Dandupalya 4 is a 2019 Indian Kannada-language crime thriller film directed by KT Nayak and starring Suman Ranganathan. The film is based on the infamous dacoit gang from Dandupalya, and it is the fourth installment of the Dandupalya franchise.

The film was dubbed in Telugu as Dandupalayam 4. The film was partially reshot in Tamil as Dandupalyam by Venkat with Sonia Agarwal, Vanitha Vijayakumar, Supergood Subramani and Birla Bose. The Tamil version featured scenes from the previous films of the franchise, and was released on 7 June 2024.

==Production==
In March 2018, Pooja Gandhi confirmed that she was not a part of the film and director Srinivas Raju disassociated himself with the film saying that he made a trilogy and that this film was trying to bank off of the Dandupalaya name. While shooting for the film in Pavagada, the film cast and crew were confused for real life child traffickers.

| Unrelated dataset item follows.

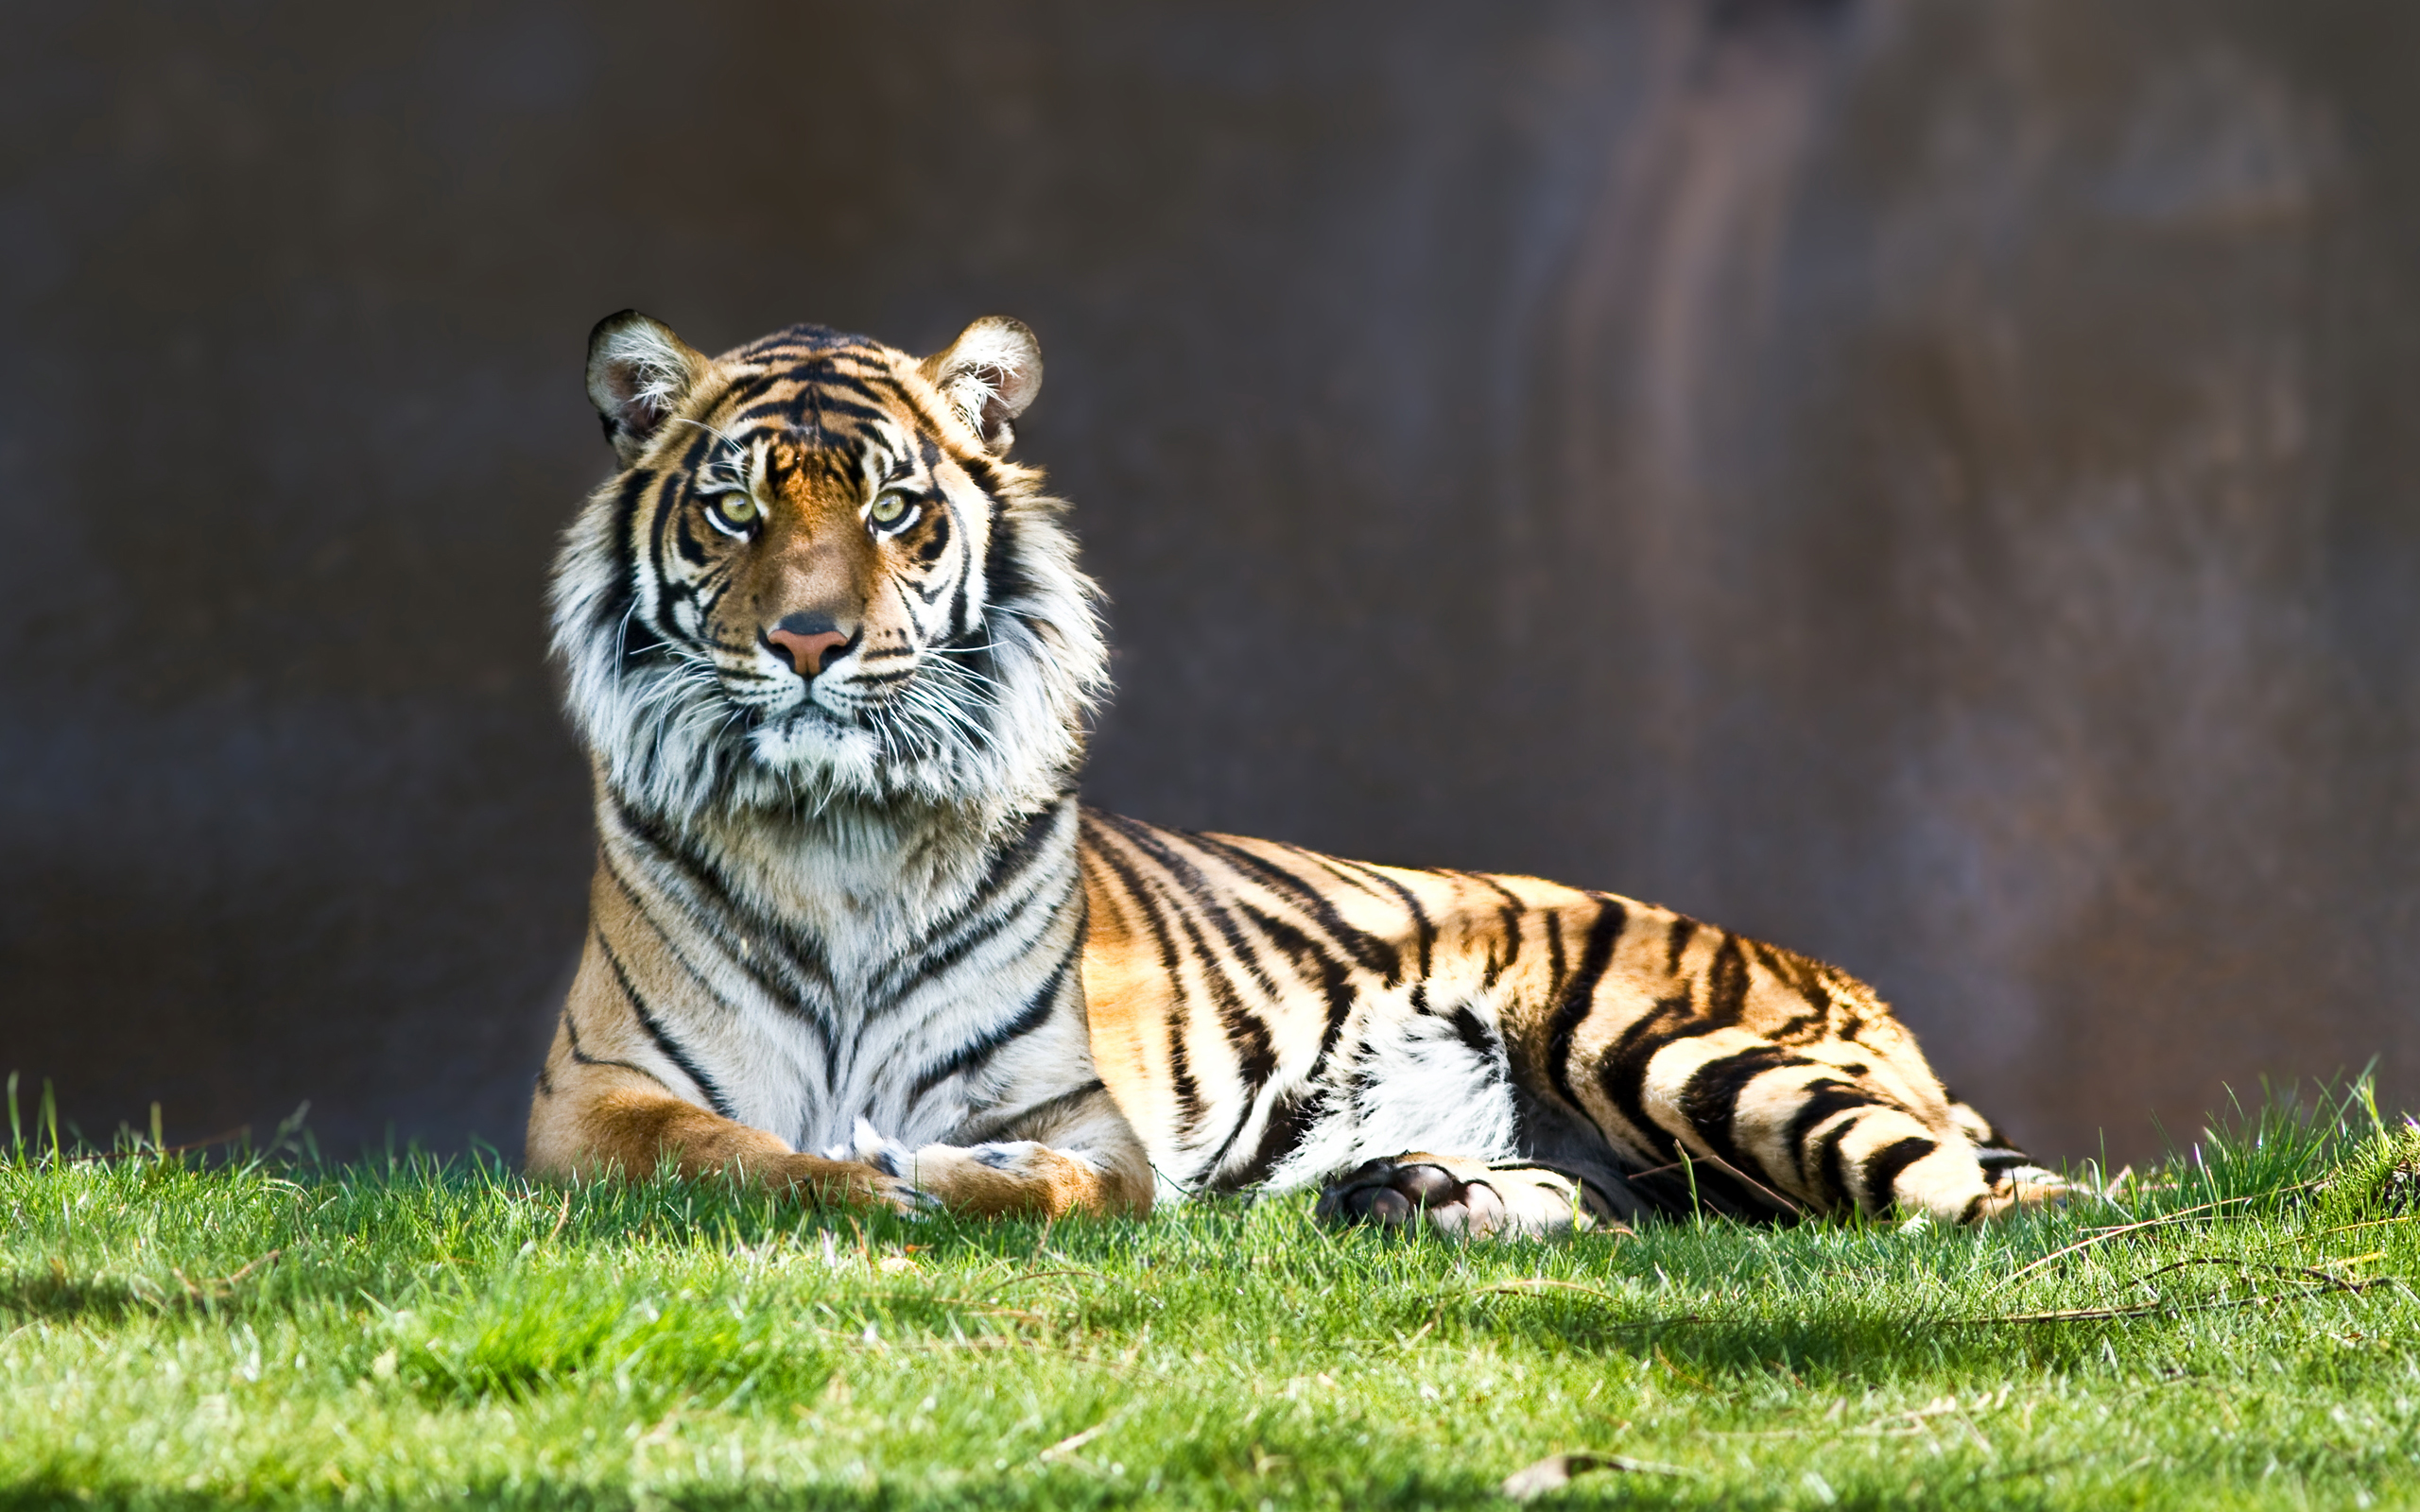 animals, tigers, grass - desktop wallpaper
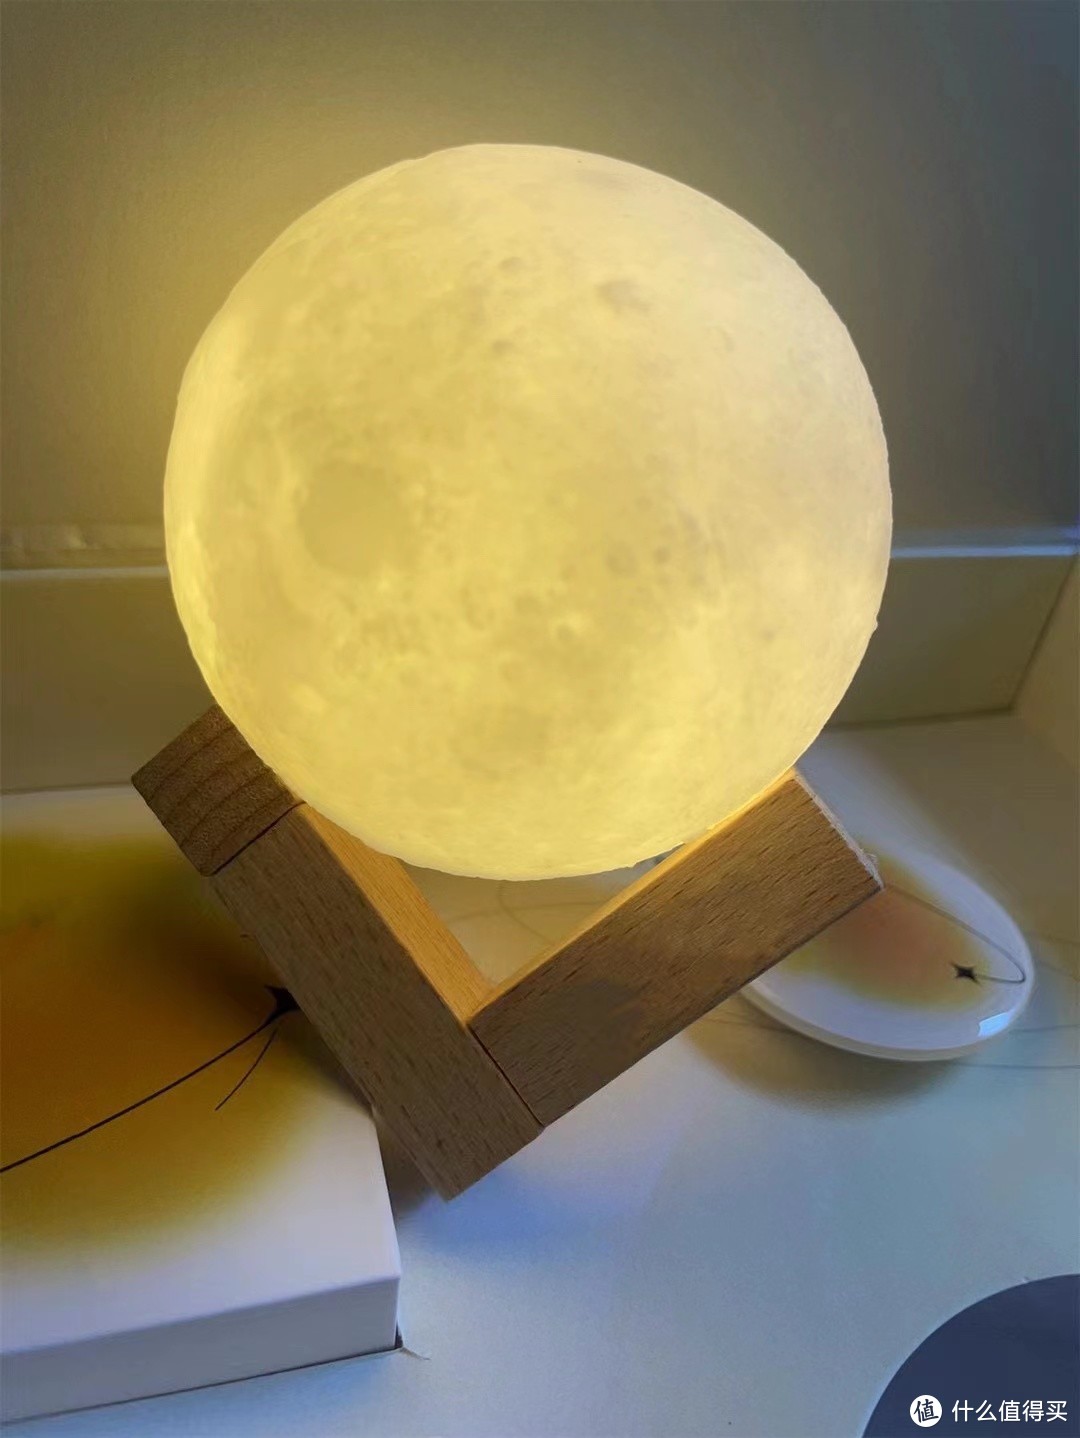 3D打印技术已经这么强了吗？这个月球灯好浪漫！

In January 2019, the film was rejected by the Indian censor board.

== Soundtrack ==
The music was composed by Anand Rajavikraman.

Track listing
| No. | Title | Singer(s) | Length |
|---|---|---|---|
| 1. | "Kannu Hodeyo" | Anthony Daasan, Jogi Sunitha | 4:00 |
| 2. | "Duddire Duniya" | Chandan Shetty, Indu Nagaraj | 4:03 |
| Total length: |  |  | 8:03 |

== Release ==
The film was initially scheduled to release on 15 August 2019.

== Reception ==
A critic from The Times of India rated the film two out of five stars and wrote that "The film doesn't offer anything new. The story lacks new content and freshness compared to the previous editions and is not engaging". Regarding the Telugu-dubbed version, a critic from 123telugu rated the film one-and-three-quarters out of five and wrote that "On the whole, Dandupalayam 4 fails to live up to all its expectations. The same crime scene and violence has been doubled in this part which is hard to digest and does not impress you one bit".

Regarding the Tamil version, a critic from Maalai Malar gave a mixed review. Thinaboomi critic wrote that the director has very cleverly incorporated the current scenes with the older scenes.